Kemudian semua kertas terkumpul. Wajah-wajah mereka penasaran. Kantuk dari sisa belajar sebelumnya dengan guru Fikih mereka mulai hilang. Mata mereka membesar. Akupun memilah kertas yang bertulis nilai 94, 92, 90, 88, dan seterusnya. Nilai terendah 83. Namun aku menemukan dua kertas. Satu bertulis tidak ingat dan satu bertulis belum tahu.
"Oke keren. 29 siswa memiliki nilai. Berarti smart. Memiliki empati dan mencintai diri sendiri. Peduli kepada ibu guru. Sedang yang dua lagi nampaknya belum keren karena tak mencintai diri sendiri atau belum peduli akan diri sendiri.

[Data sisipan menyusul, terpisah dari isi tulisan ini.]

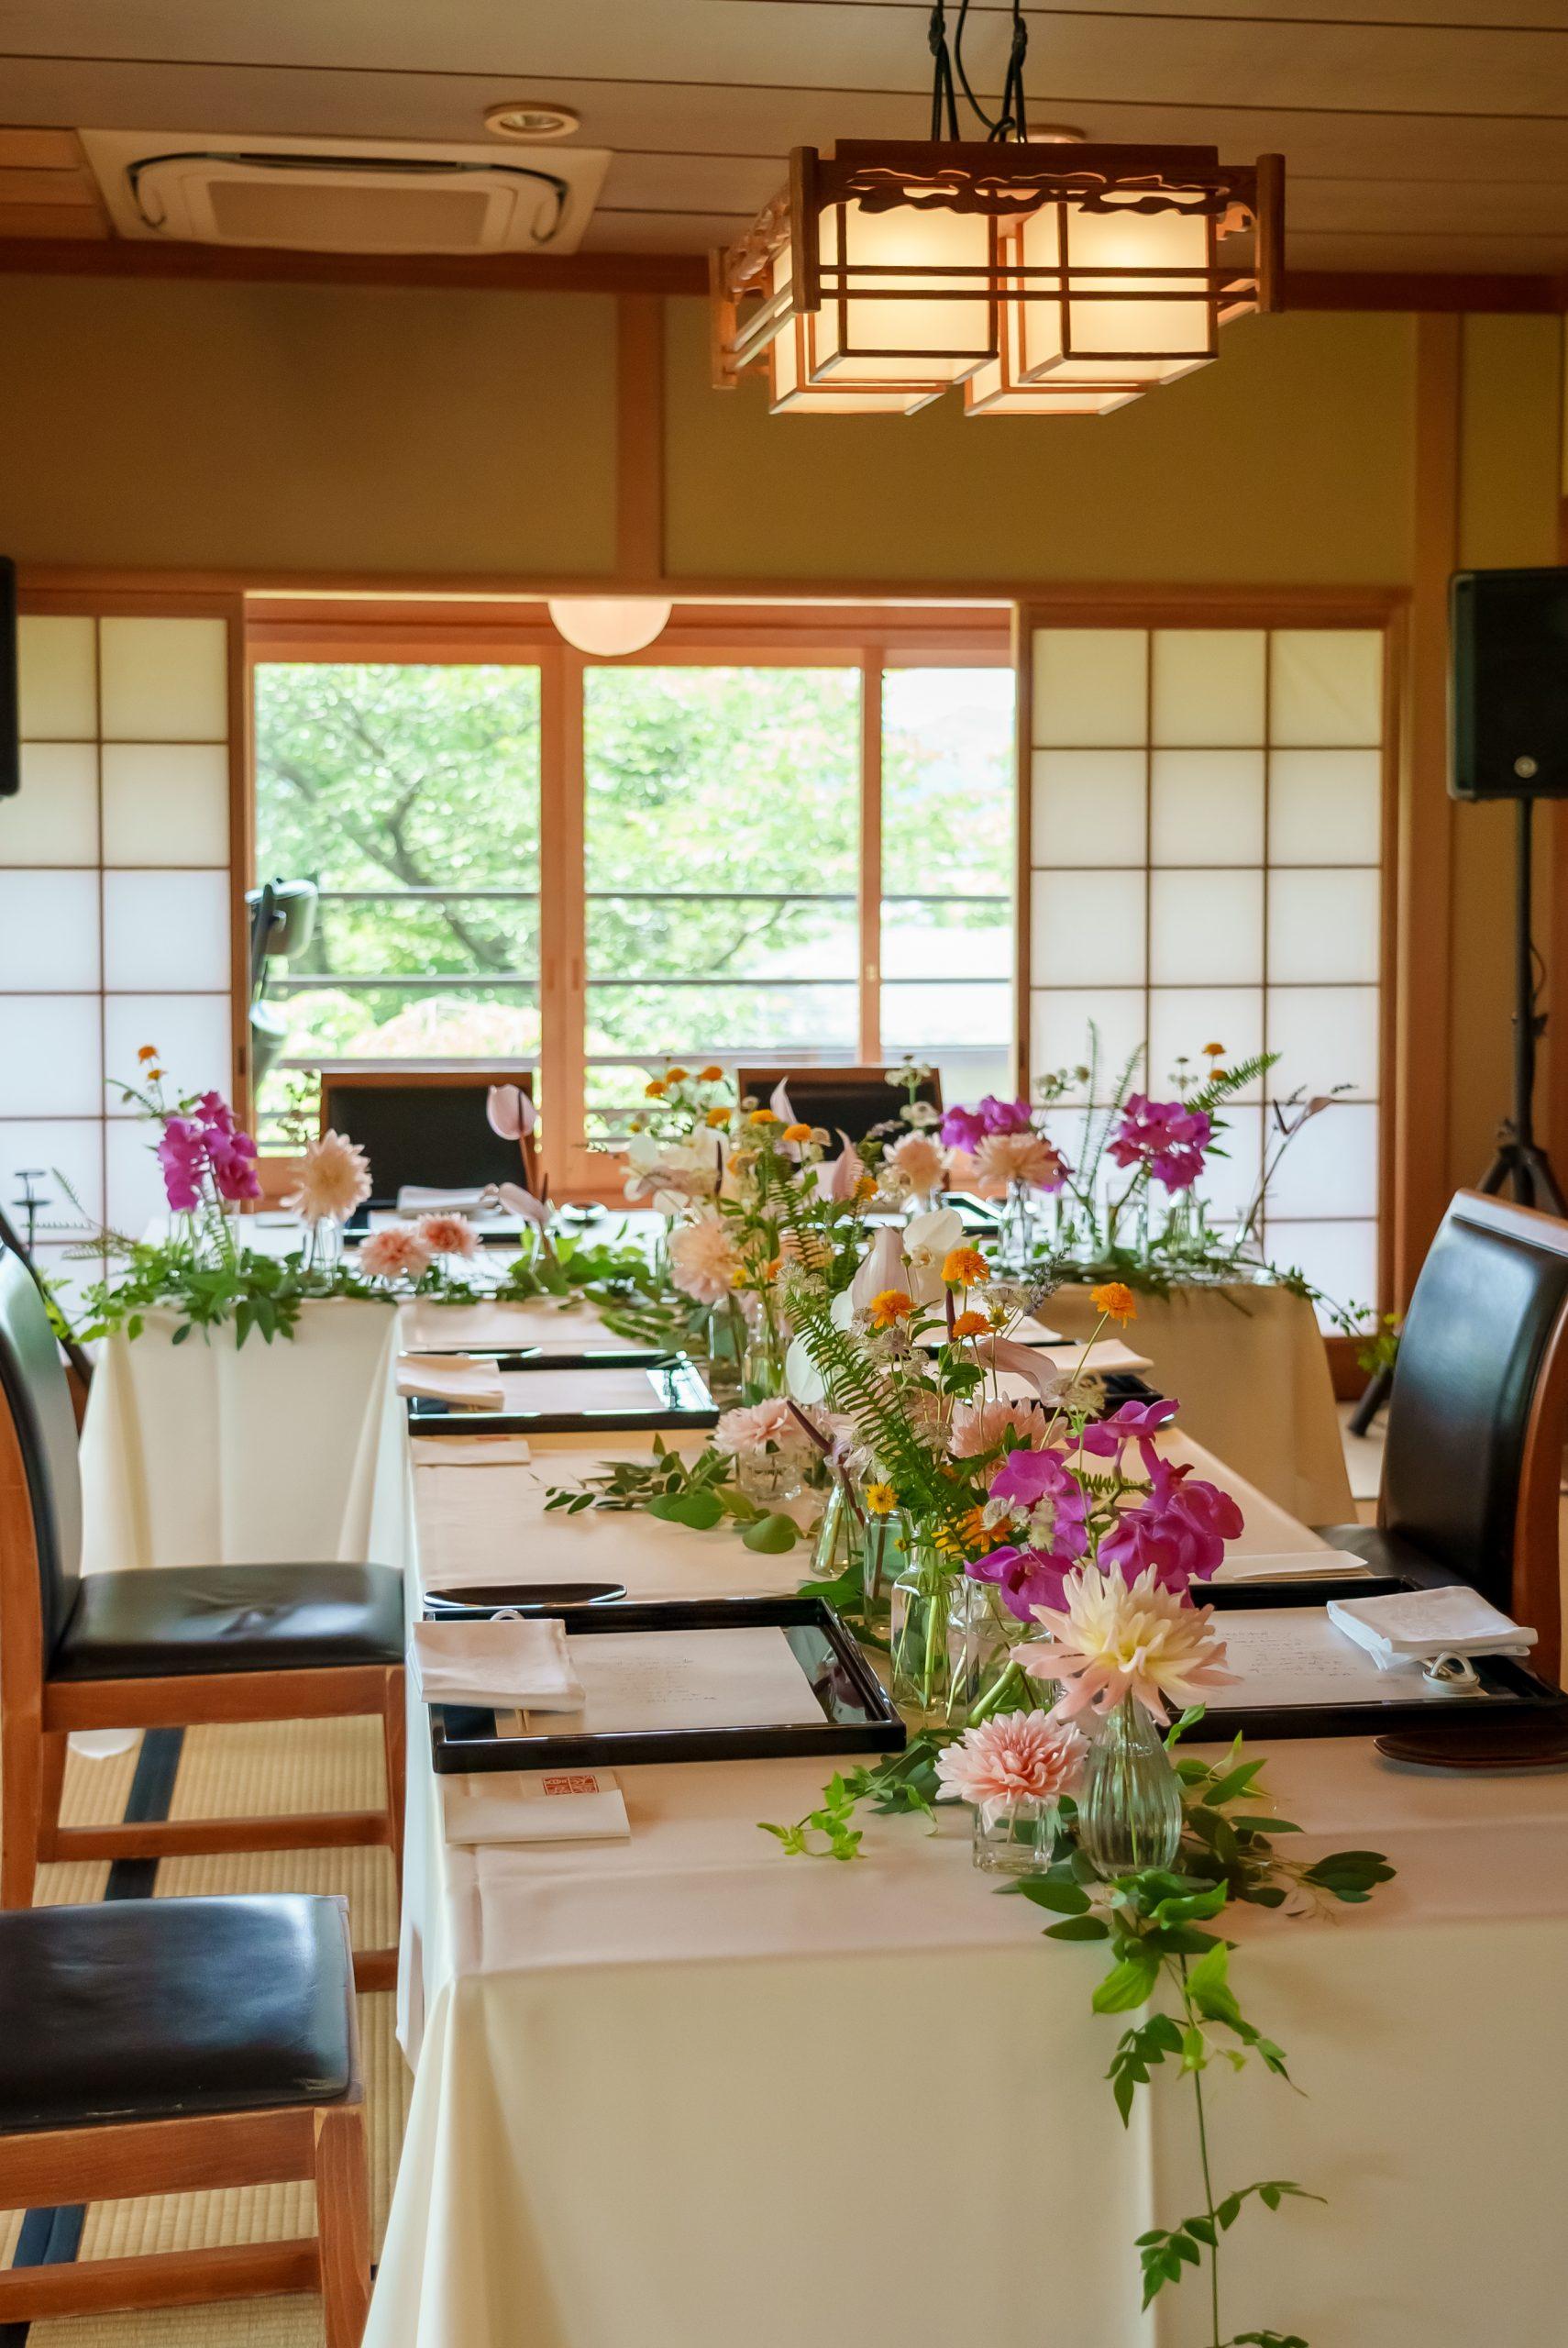 広島和婚式でのテーブル装花
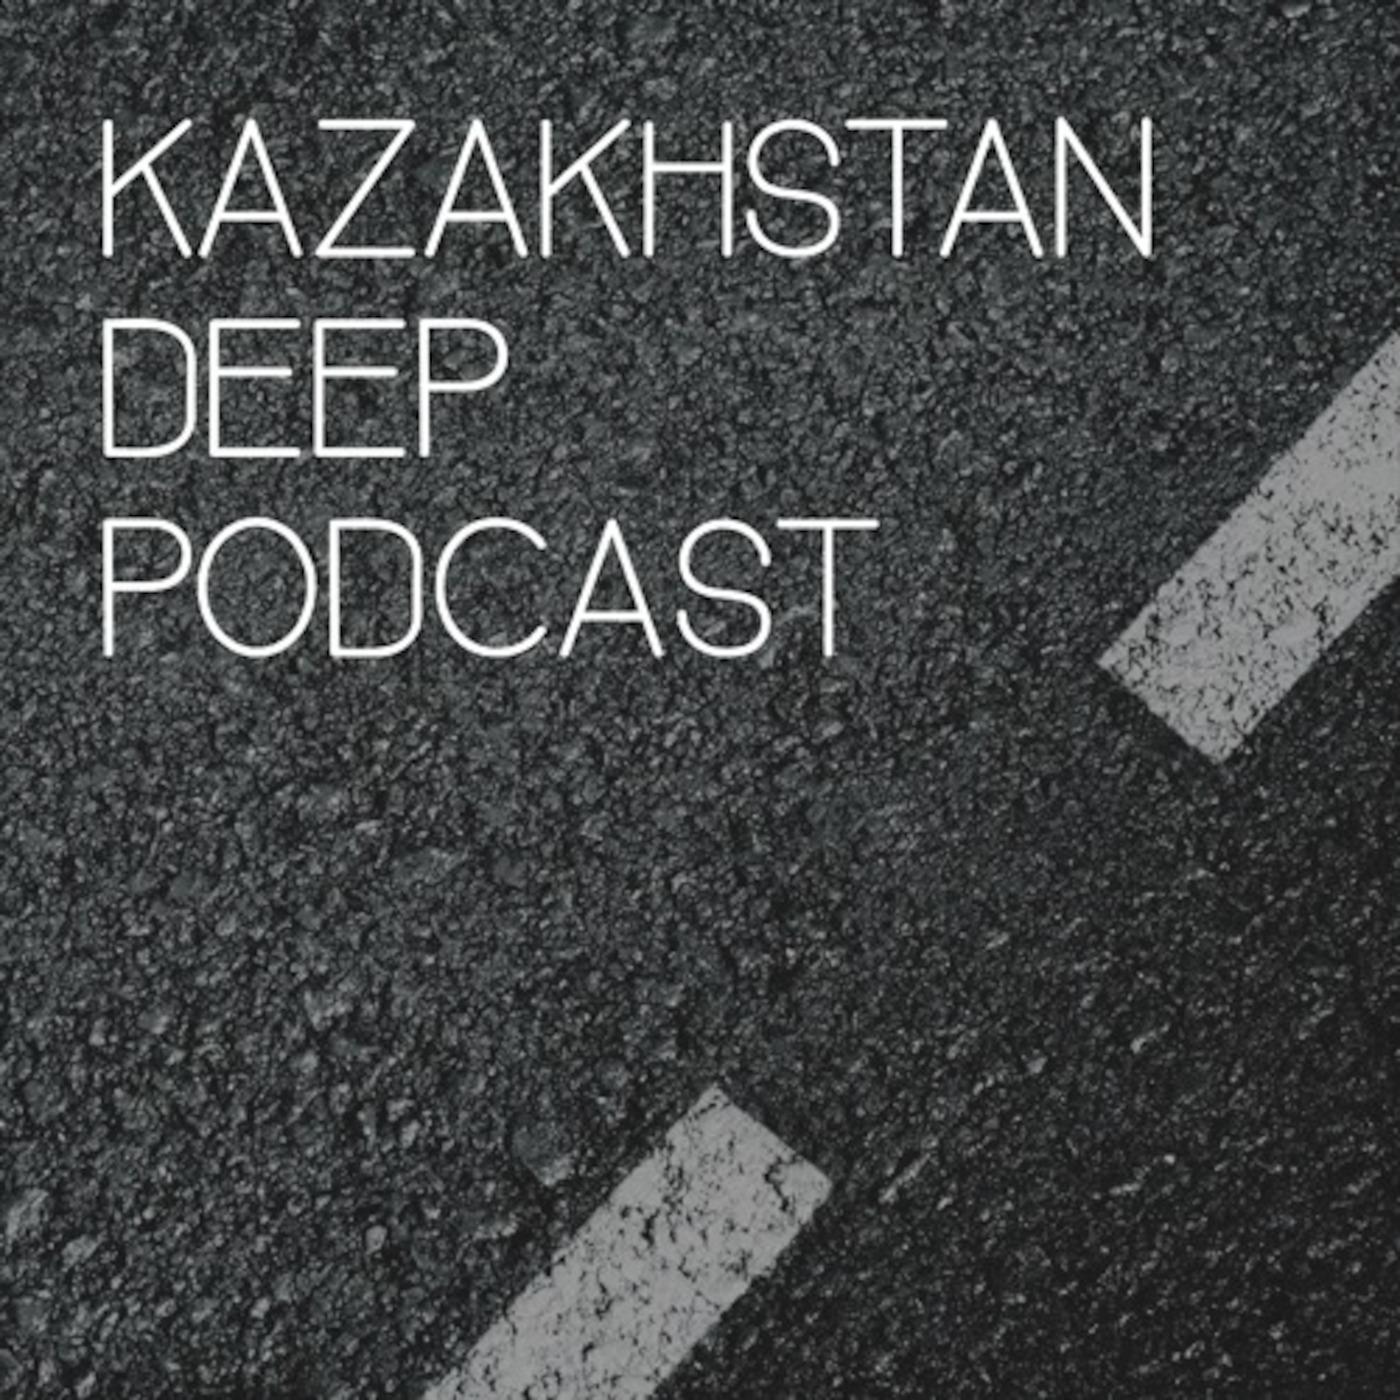 Kazakhstan Deep Podcast

Agar sukses kita harus tau nilai rapor kita Nak. Bahkan boleh protes. Nilaiku kok rendah?
Kulanjutkan dengan nada yang lebih hangat, “Anak-anak, kalian tahu tidak, mengingat nilai itu bukan sekadar mengingat angka di atas kertas. Nilai itu cerminan usaha kalian, seberapa jauh kalian memahami, dan seberapa peduli kalian pada hasil belajar bahasa Indonesia.
Nilai yang bagus itu membanggakan, tapi nilai yang kurang juga bukan akhir dari segalanya. Yang penting, kalian tahu di mana posisi kalian dan apa yang harus diperbaiki.”
Aku melihat ke dua siswa yang tulisannya membuatku berhenti tadi. “Kalian yang menulis ‘tidak ingat’ dan ‘belum tahu,’ ibu tidak marah, kok. Tapi ibu ingin tahu, apa alasan yang sebenarnya membuat kalian menulis itu? Coba renungkan, Nak! Masak nilai rapor sendiri tak hafal? Gimana mau protes atau mengeritik Bu Guru.
Untuk sukses, kita harus tahu nilai rapor kita. Agar kita tahu kekuatan dan kelemahan kita. Bahkan jika merasa ada yang salah, kalian boleh bertanya, ‘Nilai saya kok rendah, Bu?’ Sebab itu adalah langkah pertama untuk mencintai diri sendiri—mengenali diri, lalu memperbaikinya.”
"Bu, saya tak tahu nilai karena belum terima rapor, Bu!"
"Mengapa, Nak?"
"Saya ikut camp tahfizh, Bu."
"Keren. Jawabku. Izin ma wali kelas,Nak?" Lanjutku bertanya. Ia balas mengangguk. Adapun siswa bernama Baim betul lupa berapa nilai rapornya.